I experimented with a few other stacks. I tried the static HTML + dynamic marker approach in Rust (Actix) — caching the shell and letting the frontend hydrate the SPA worked beautifully. I also experimented with Erlang’s Yaws, using persistent_term for caching, which was actually where the idea first clicked for me.
That’s when I thought: “Huh… if this can be done there, why not in C++?” Go Fiber was fun for prototypes, and Rust (Axum, Actix) was powerful, but I wanted to explore modern C++. One weekend, I stumbled upon an article about C++’s new features — smart pointers, co_await, coroutines — and it hit me. C++ had evolved tremendously in the past 20+ years. Could I build something high-performance, scalable, and modern in C++?
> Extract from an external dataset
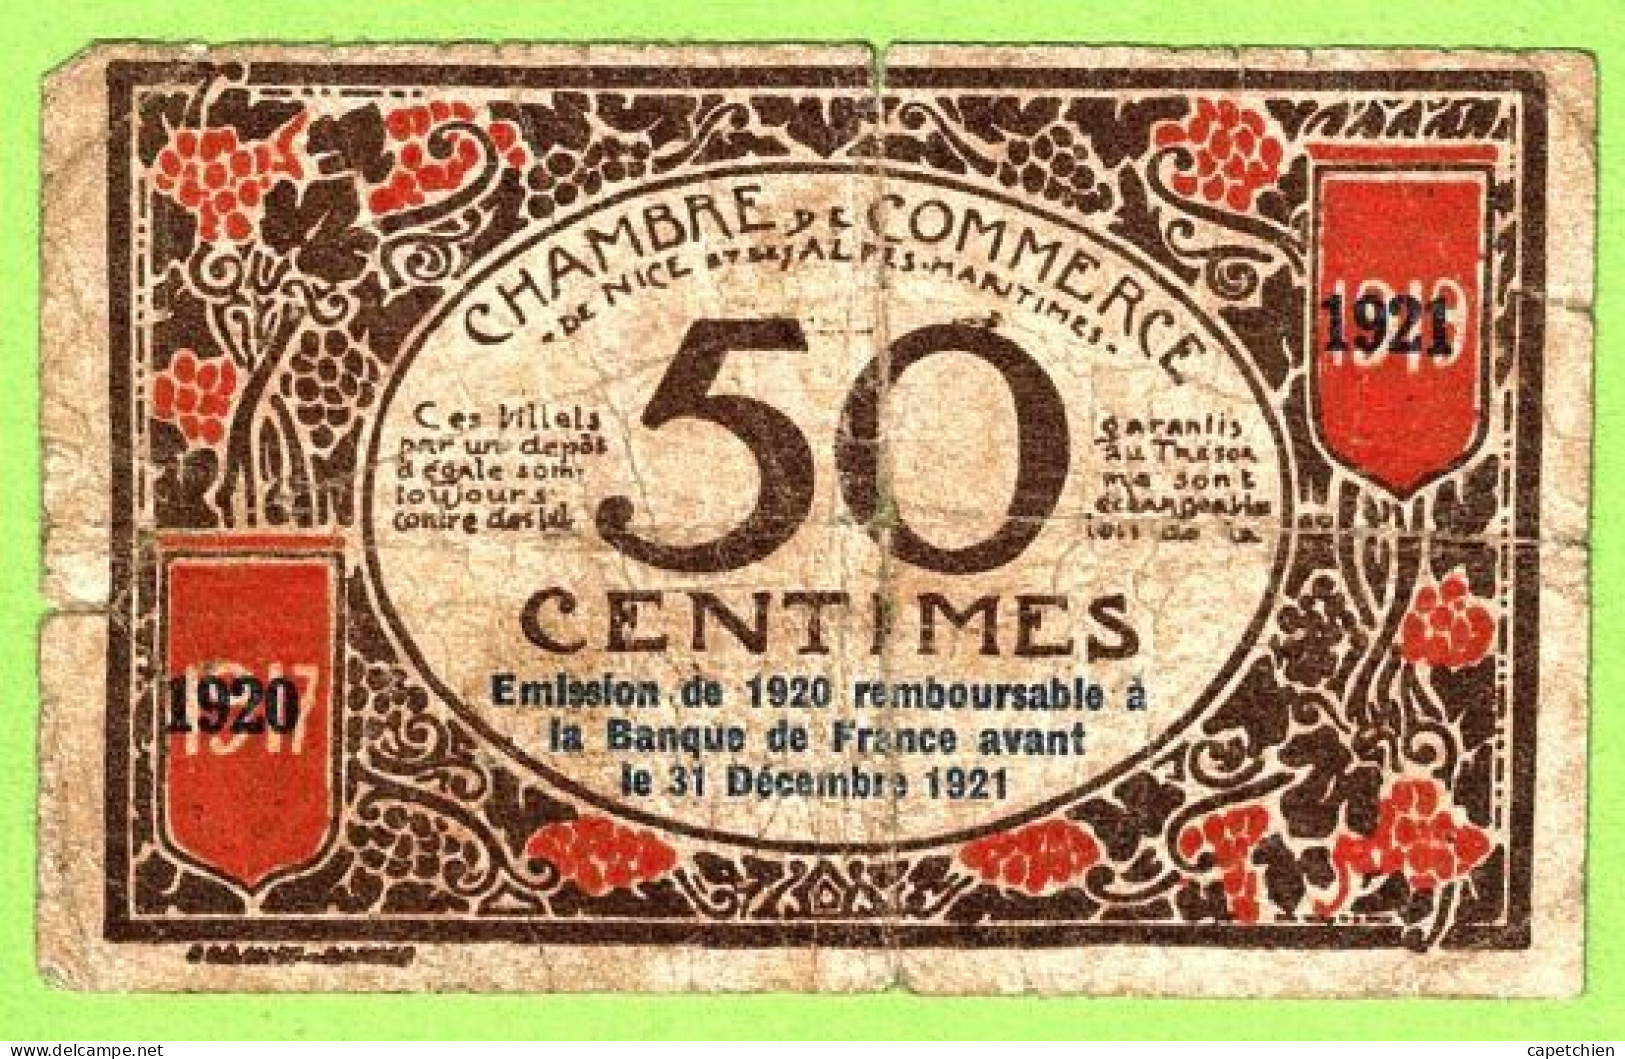 FRANCE / CHAMBRE De COMMERCE / NICE - ALPES MARITIMES / 50 CENTIMES / 1917 - 1921 SURCHARGE 1920 - 1921 / N° 00374 - Camera Di Commercio

The answer was yes, and that’s how my journey with Drogon C++ and Vue Naive UI began.
Architecture Overview
The architecture grew from a simple idea: serve a fast, server-rendered HTML shell, then hand off interactivity to the SPA. Here's how it works in practice:
Template Caching System
I built a TemplateCache singleton in C++ that loads the static HTML shell once, splits it at a dynamic marker (<!--APP_MARKER-->), and caches it in memory. This makes per-request rendering nearly free:
auto [before, after] = TemplateCache::instance().get();
std::string body = before;
body += "<div id=\"app\" data-initial-route=\"" + path + "\"></div>";
body += after;
Key Components
Server-side control – The backend holds the routes, knows the state of the application, and serves the initial page. No CORS issues, no REST API boilerplate just to get started.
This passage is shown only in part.